When queried what three conclusions about violence in New Orleans his dissertation provided Brown, he said, First, “Values: While everyone (from the elderly, churchgoing grandmother to the hardened former drug dealer with several stints in Angola) expresses a personal identification with prosocial values, there is an undercurrent of countercultural values that emerge when a community is perpetually marginalized. While outsiders ‘blame the victims’ by suggesting their poor value systems are the root of neighborhood problems, I suggest that countercultural values emerge when those who don’t understand conditions inside the neighborhood marginalize such communities.”
“When communities have no power and feel hopeless to enact change, people give up. When those who adhere predominately to mainstream values stop trying to instill those values in the next generation, the countercultural values prevail. Whether a neighborhood is oriented toward prosocial or countercultural values determines whether they will work conjointly to reduce neighborhood violence.”
Second, he noted, a lack of hope leads to “Structural Marginalization. When a community is isolated and marginalized, there is mistrust of power and this is especially enacted against law enforcement. Powerlessness results in antipathy and anger.”
“On the other hand, when a community is provided with sufficient social capital so as to be able to engage power (politicians, police, schools, etc.), it can emerge from the legal cynicism and begin to work cooperatively toward its own betterment. Cooperation requires trust. This means that politicians and police must be willing to see residents as their equals rather than subordinate entities. When this happens the neighborhood is enabled to swing from cynicism to cooperation, and another condition of lower homicide neighborhoods becomes possible.”
Next comes “Neighborhood Boundaries. When a community embraces countercultural values and marginalization/ powerlessness, they tend to enact rigid boundaries. They fear anyone coming in and either damaging the community through bad behavior/violence or taking away the limited sphere of power they have. Such rigid boundaries have a negative side effect, however, as positive, beneficial resources cannot flow into the community. The same is true of good ideas, they are resisted.”
“Resistance breeds rigid boundaries. When there is cooperation with power, however, the boundaries become looser. This happens in part because the community is empowered to enact innovation and solutions for self-improvement rather than being acted upon from outside. When the ‘good guys’ are aligned, the ‘bad guys’ can be better controlled by the residents who are cooperating with agents of formal control.”

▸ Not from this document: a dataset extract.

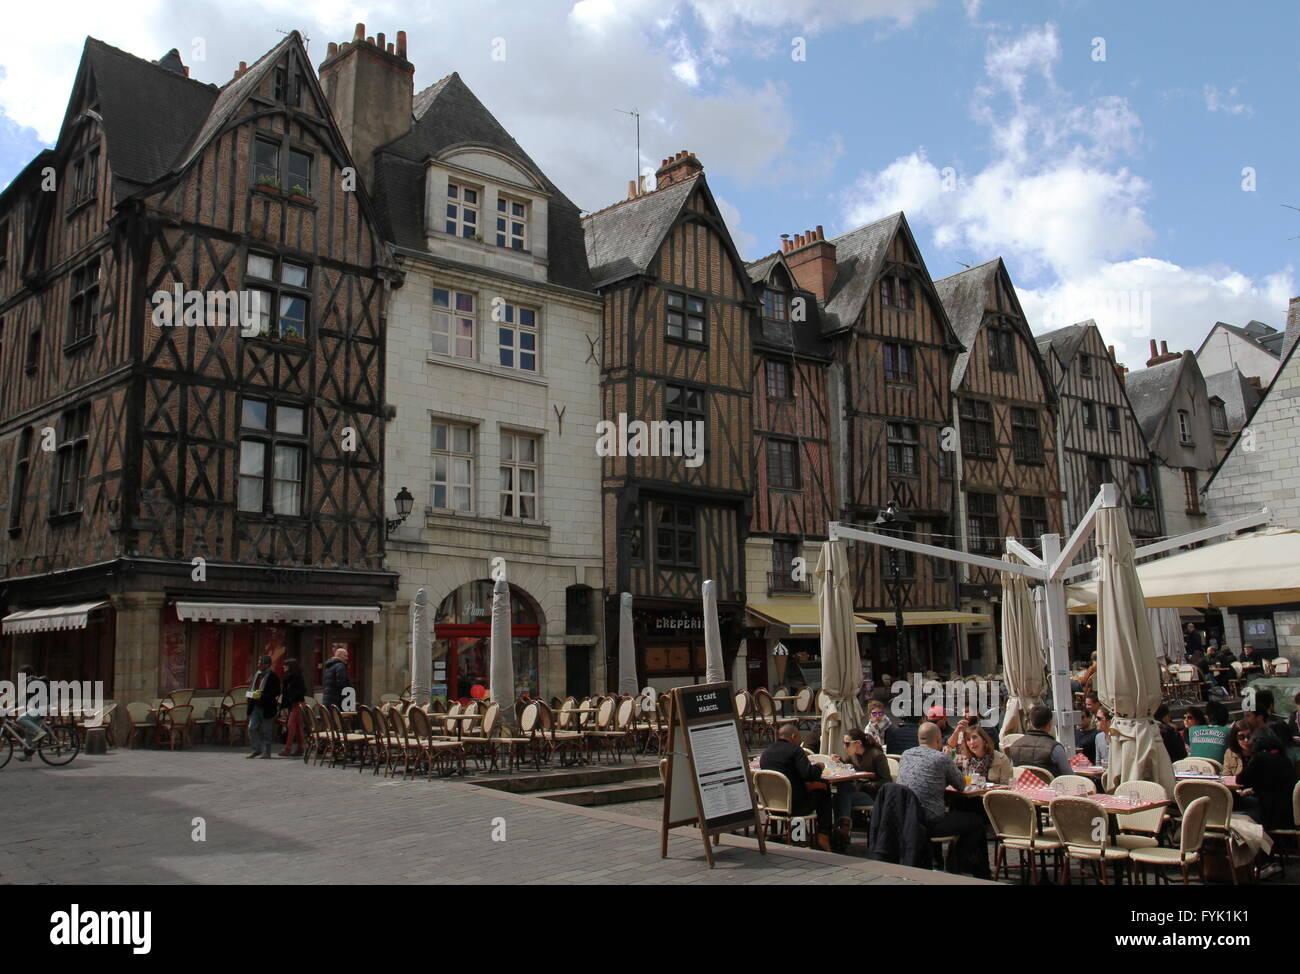 Sedie Francesi Usate : I tavoli e le sedie in piazza plumereau old town tours francia

Lastly, with engagement, one can achieve what Brown called “Collective Efficacy.”
As he outlined, “When the three conditions above move in a prosocial direction (prosocial values, community empowerment, porous boundaries) then the community is able to realize something called collective efficacy. This is best defined as the ability to agree upon and act upon common goals. The corollary to efficacy is action. Unless there is the ability to agree (both internally among neighbors, but also externally with power brokers) there cannot be collective action.”
In other words, Brown concluded, “For too long neighborhoods like Hollygrove have been neglected. As long as the violence is contained in the community and doesn’t affect the city as a whole, there is a sort of apathy that emerges. We can label such communities as pathological and discount the amazing people that live there and hope for a better future.”